According to the affidavit, Liu was verbally abusive to the victim and had her conduct additional manual labor and personal services for Liu.
During a trip to the grocery store, the affidavit says, the victim located a Filipino inside the store and sought his help. The victim told him that she was trapped, and being underpaid and mistreated. He communicated with her at church, the affidavit says, but eventually Liu required that she work on Sundays so she was not able to attend. On Aug. 10, 2011, he helped the victim escape from Liu’s residence.
Phillips cautioned that the charges contained in this complaint are simply accusations, and not evidence of guilt. Evidence supporting the charges must be presented to a federal trial jury, whose duty is to determine guilt or innocence.
This case is being prosecuted by Assistant U.S. Attorney Cynthia L. Cordes. It was investigated by the FBI and the U.S. Department of Labor Wage and Hour Division, in conjunction with the Human Trafficking Rescue Project.
FocusTaiwan reported that the Ministry of Foreign Affairs (MOFA) lodged a strong protest “over the U.S. detention of a Taiwanese diplomat and demanded she be immediately released unconditionally.” In the report, Foreign Affairs Minister Timothy Yang cited a 1980 agreement on privileges and immunities signed between Taiwan and the U.S. for Liu’s immunity.
“Before Taiwan forsakes immunity, U.S. law enforcement authorities cannot treat ROC diplomatic personnel that way,” Yang said.
He stressed that Liu still enjoyed immunity privileges under the pact, and said that even if U.S. law enforcement authorities have a case, they should still follow diplomatic channels and not “violate or ignore the agreement.”
Bruce J. D. Linghu, director of the MOFA’s Department of North American Affairs, called the American Institute in Taiwan, the de facto U.S. embassy here in the absence of diplomatic ties, and Deputy Foreign Minister Lyushun Shen called in acting AIT Director Eric Madison to express strong protests.
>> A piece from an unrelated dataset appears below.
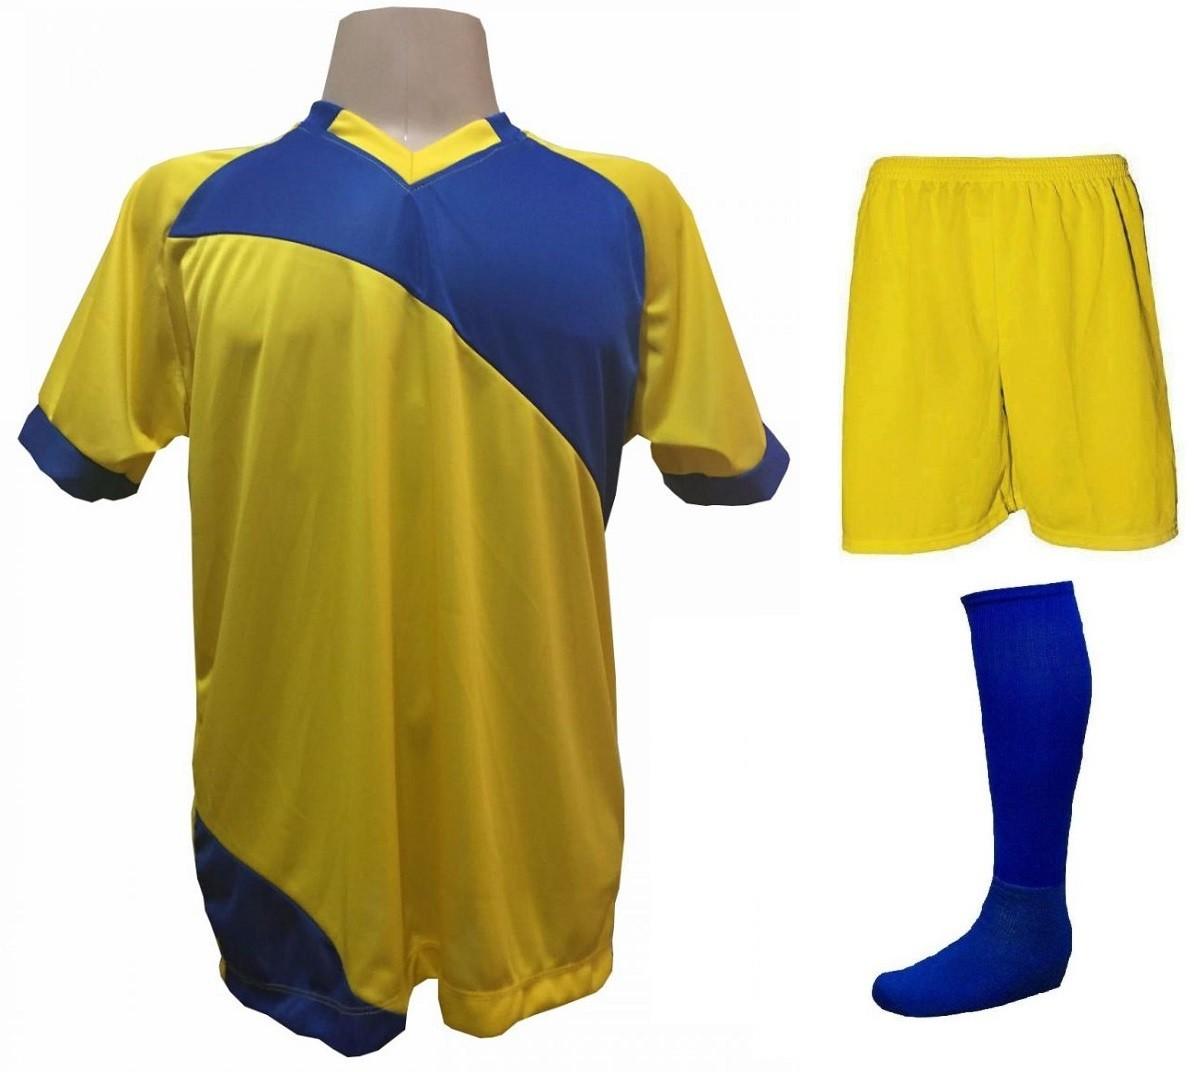 Fardamento Completo modelo Bélgica 20+2 (20 camisas Amarelo/Royal + 20 calções modelo Madrid Amarelo + 20 pares de meiões Royal + 2 conjuntos de goleiro) + Brindes

Focus Taiwan had a follow up report yesterday quoting Premier Wu Den-yih saying that “the recent detention of a Taiwanese diplomat in the U.S. city of
Kansas is irrelevant to Washington’s policy on Taiwan.” The premier according to the report, also “urged Liu to be honest so that the ministry can get a full understanding of the situation.”
This case appears to be widely covered by Taiwanese media. Taiwan News posted what it says is a written response from the State Department on the issue of immunity:
In a written response to the inquiry about the U.S. stance on the
issue, the State Department spokesman said that under the 1980
agreement, Liu enjoys a status similar to that of consular officers.
“She has immunity only for acts performed within the scope of her authorized functions,” the spokeman wrote.